◆ TASK INSTRUCTIONS: The answer must be the lines from the one that holds "Платье-футболка с кулиской (арт. baon B459097), размер" through the final line of the data, copied exactly, with no pictures.

◆ SUPPLIED DATA:
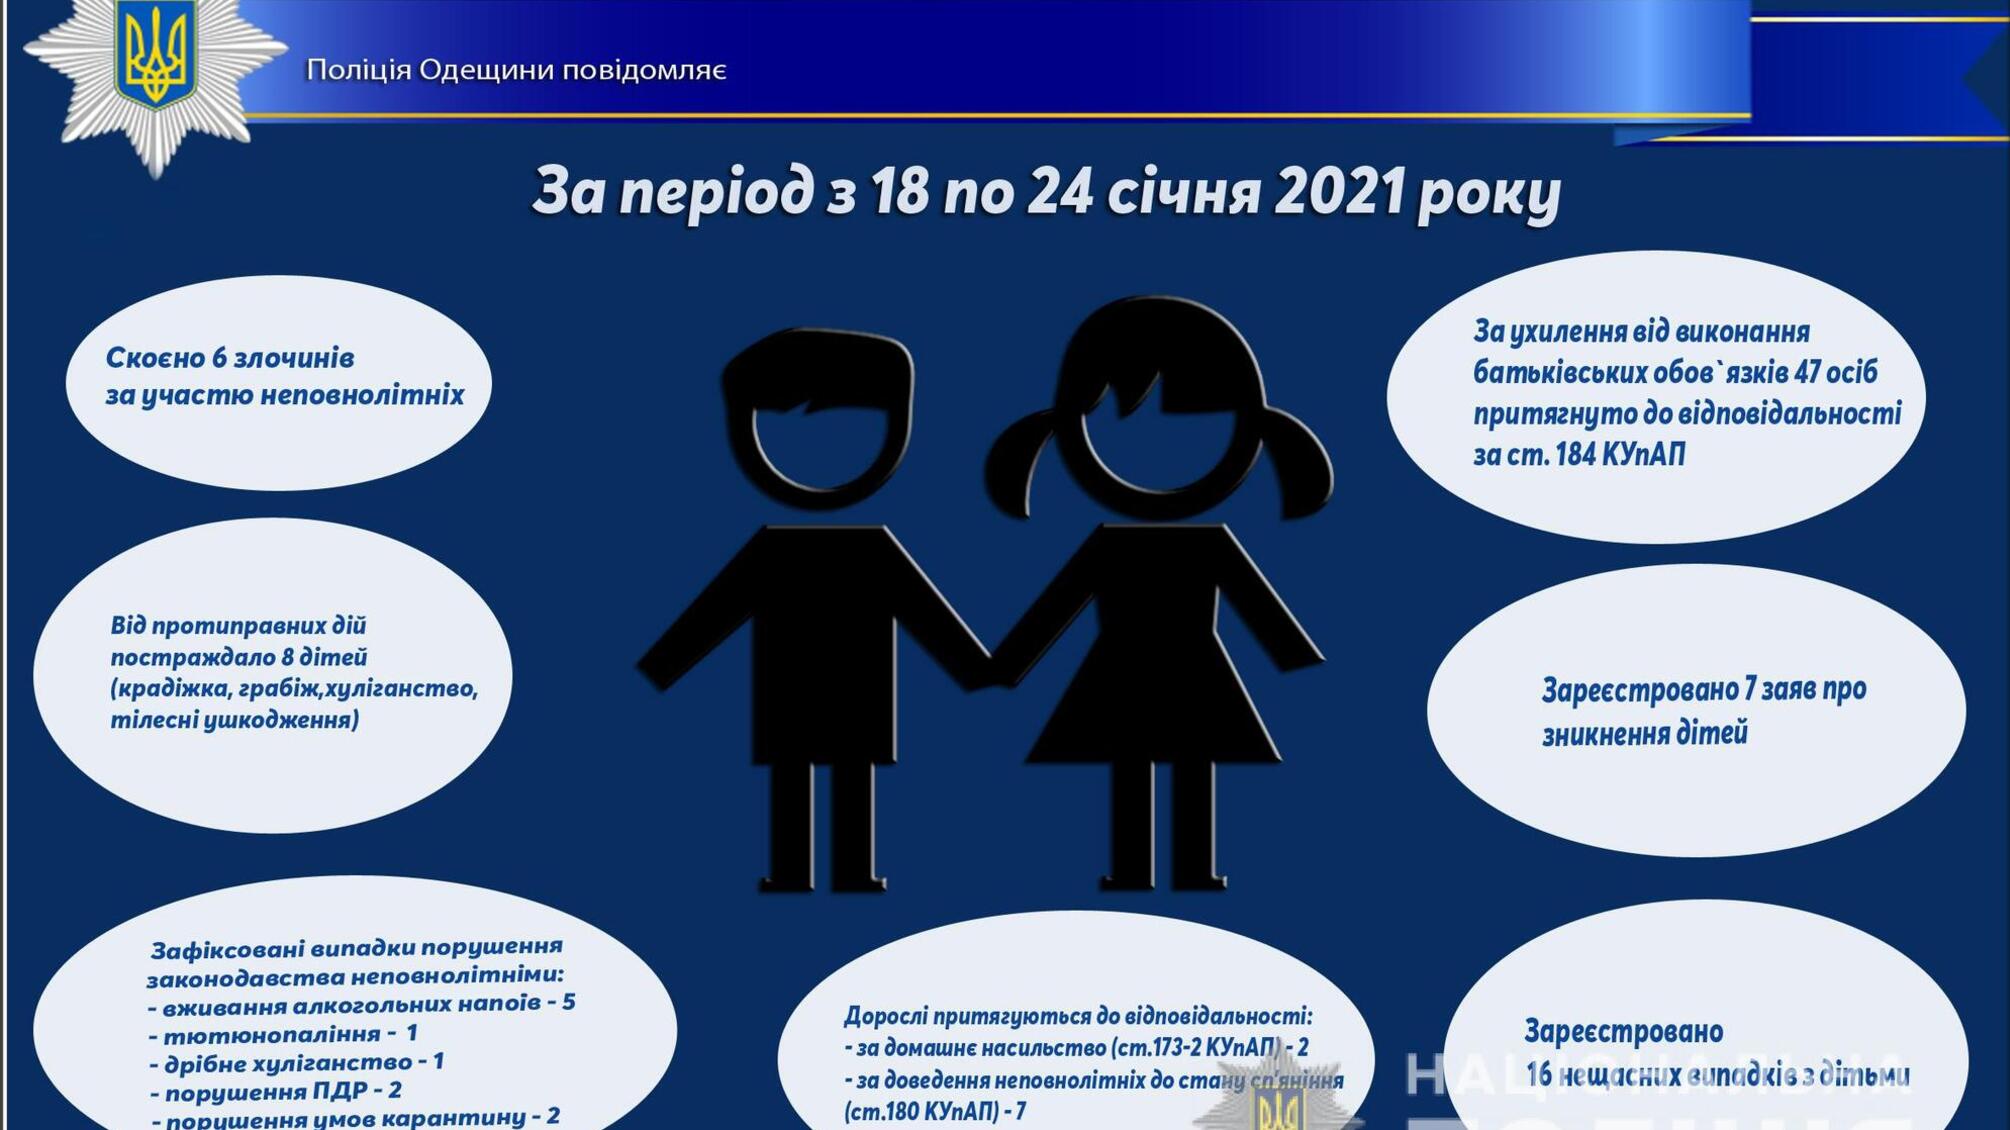 Про стан роботи поліції Одещини з протидії порушенням законодавства неповнолітніми та відносно них за період з 18 по 24 січня 2021 року
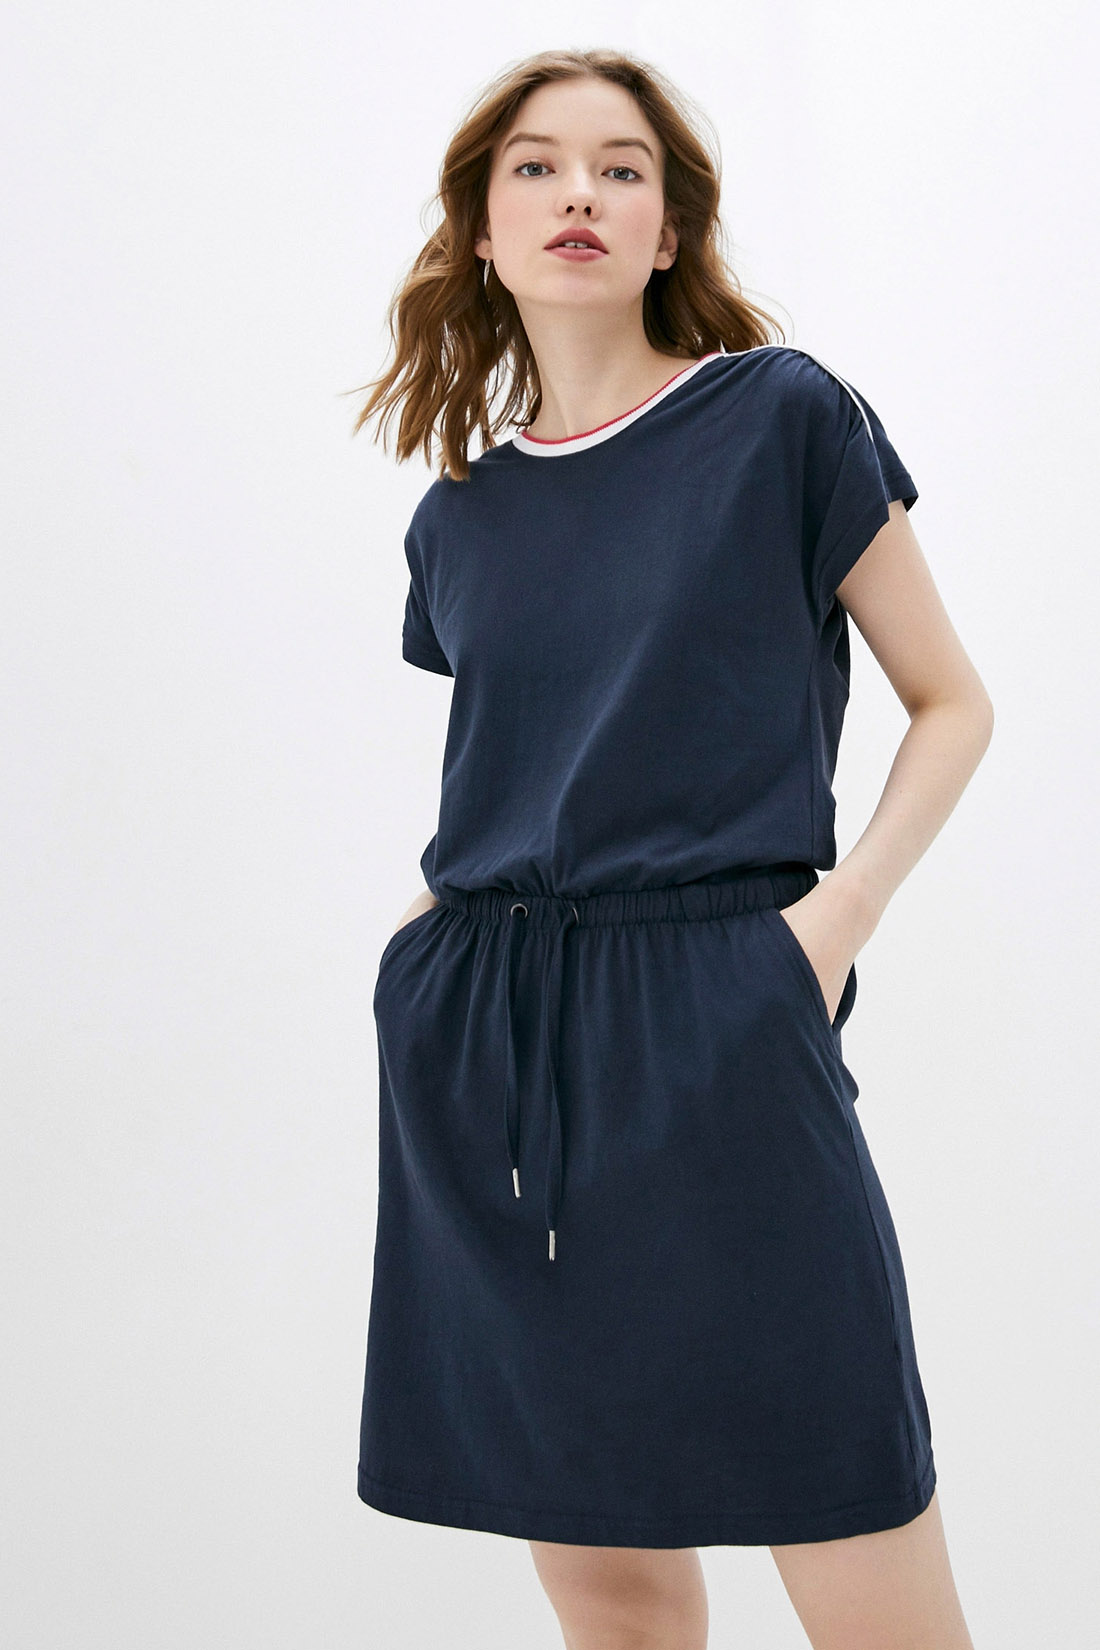 Платье-футболка с кулиской (арт. baon B459097), размер S, цвет синий Платье-футболка с кулиской (арт. baon B459097) - фото 4
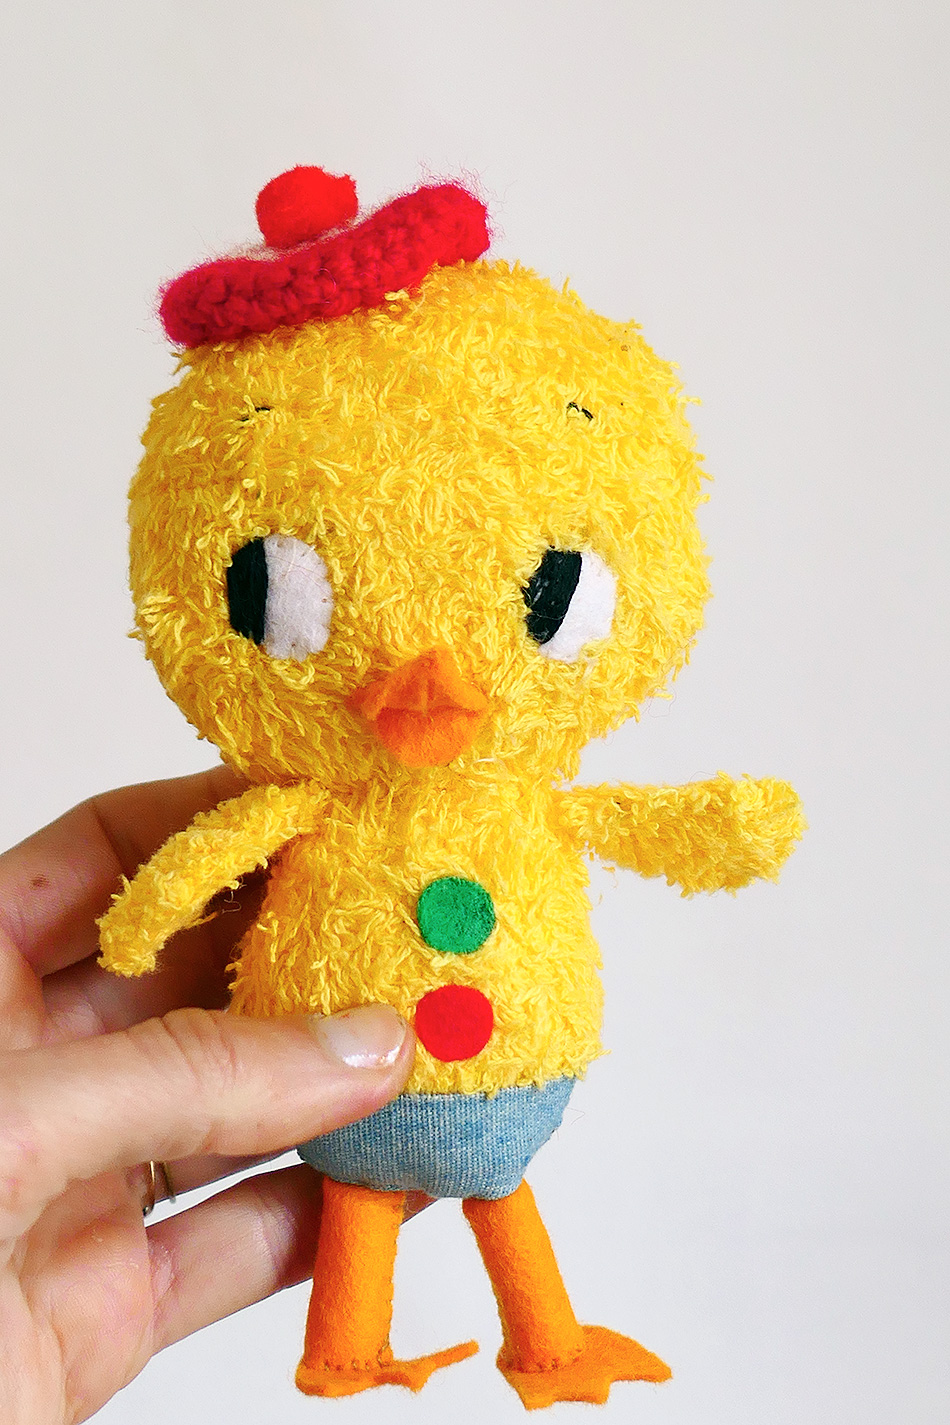 misako mimoko: Easter Chick & Shop Update
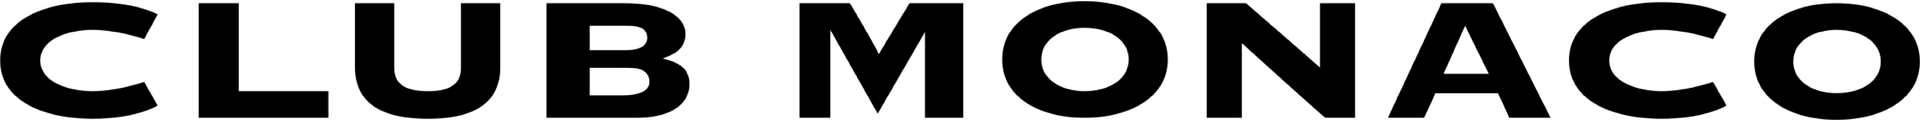 CLUB MONACO logo de circulaire

◆ YOUR SOLUTION:
 Платье-футболка с кулиской (арт. baon B459097), размер S, цвет синий Платье-футболка с кулиской (арт. baon B459097) - фото 4
 misako mimoko: Easter Chick & Shop Update
 CLUB MONACO logo de circulaire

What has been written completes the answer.